Last week, I showed you how I make one of the most difficult choices an income investor will ever face: when to sell a stock to lock in a profit.
Today, I’ll cover the only decision that’s even harder. I’m of course talking about when to give up on a stock, let go, and sell it at a loss…
New Dividend Hunter subscribers often ask about my criteria for selling a stock. Most are looking for some percentage loss or gain on a stock as a trigger to sell. I stay away from any rules not based on the underlying fundamentals of each recommended investment.
Over the years, I have found that the annual portfolio turnover for the Dividend Hunter portfolio averages about 25%. To me, with a buy-and-hold investment strategy, that number seems high, but it is surprising how the investment outlook for companies can change. Over eight years of Dividend Hunter investing, there has been about an equal 50/50 split between stocks sold for a profit and those on which we took a loss.

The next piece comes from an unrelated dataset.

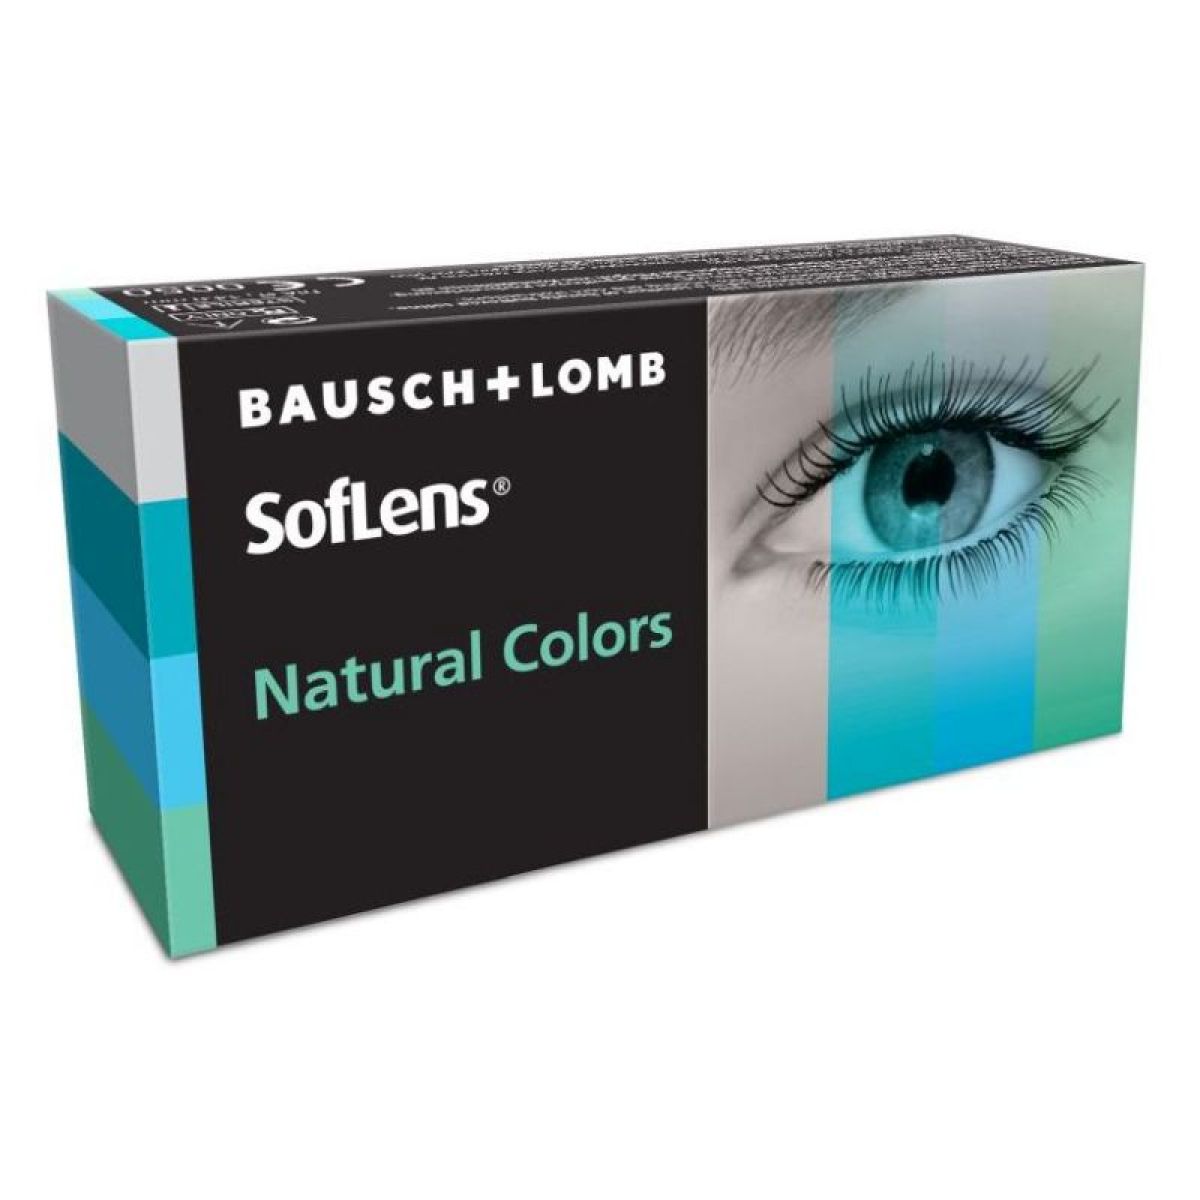 SOFLENS NATURAL COLORS MONTHLY DISPOSABLE COLORED CONTACT LENSES (2 LENSES)

The reasons to sell fall into three distinct categories. I will cover each reason in a separate article. Today, in the third installment of this series, I’ll cover when to sell a stock at a loss.
I am frequently asked what amount of decline would trigger a sale. Many investors come from other strategies that tell them to sell after a 20% (or similar amount) decline to protect against further losses.

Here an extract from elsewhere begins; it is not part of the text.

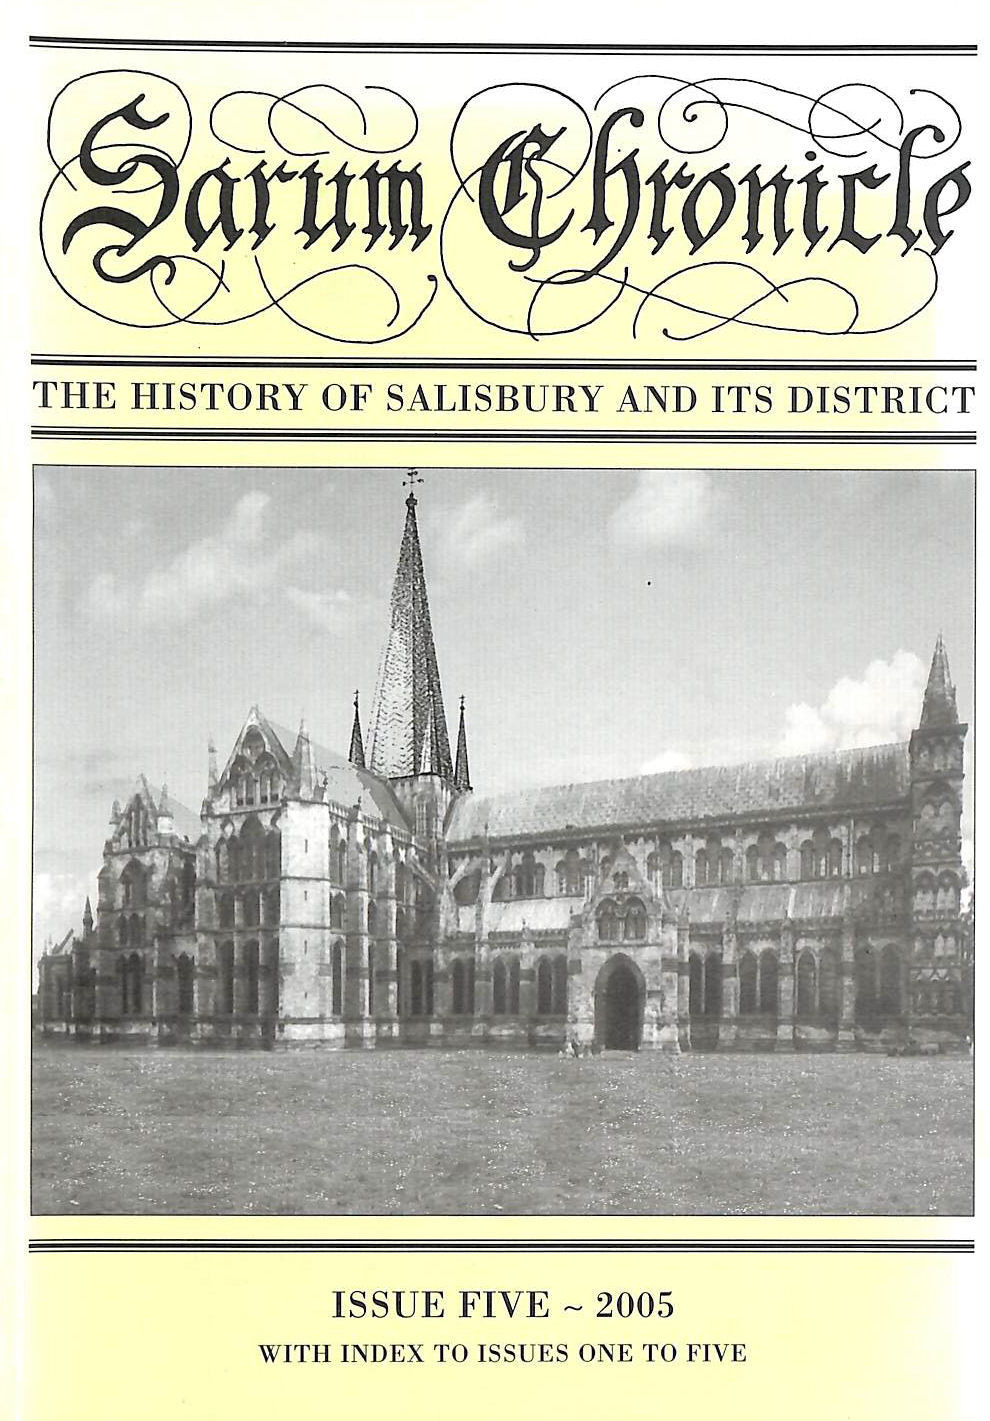 SARUM CHRONICLE - Sarum Chronicle: The History of Salisbury and Its District: Issue 5

With a focus on investing to generate a high-yield cash income stream, a falling share price is not usually a good reason to sell. As long as the company continues to pay its regular dividends, a lower share price should be viewed as an opportunity to add shares to boost your average yield and income. A falling share price does not indicate that the dividend will be cut—at least most of the time.
Instead of basing decisions on share price, it’s an actual threat to the dividend payment that will trigger a sell recommendation. Occasionally, you can see a dividend cut coming, such as when a company’s profits decline and fall to the point where it earns less than the dividends it pays to investors. At that point, it’s a judgment call whether the business can recover; if it can’t, the dividend will soon be reduced. I will usually take the conservative path and recommend selling.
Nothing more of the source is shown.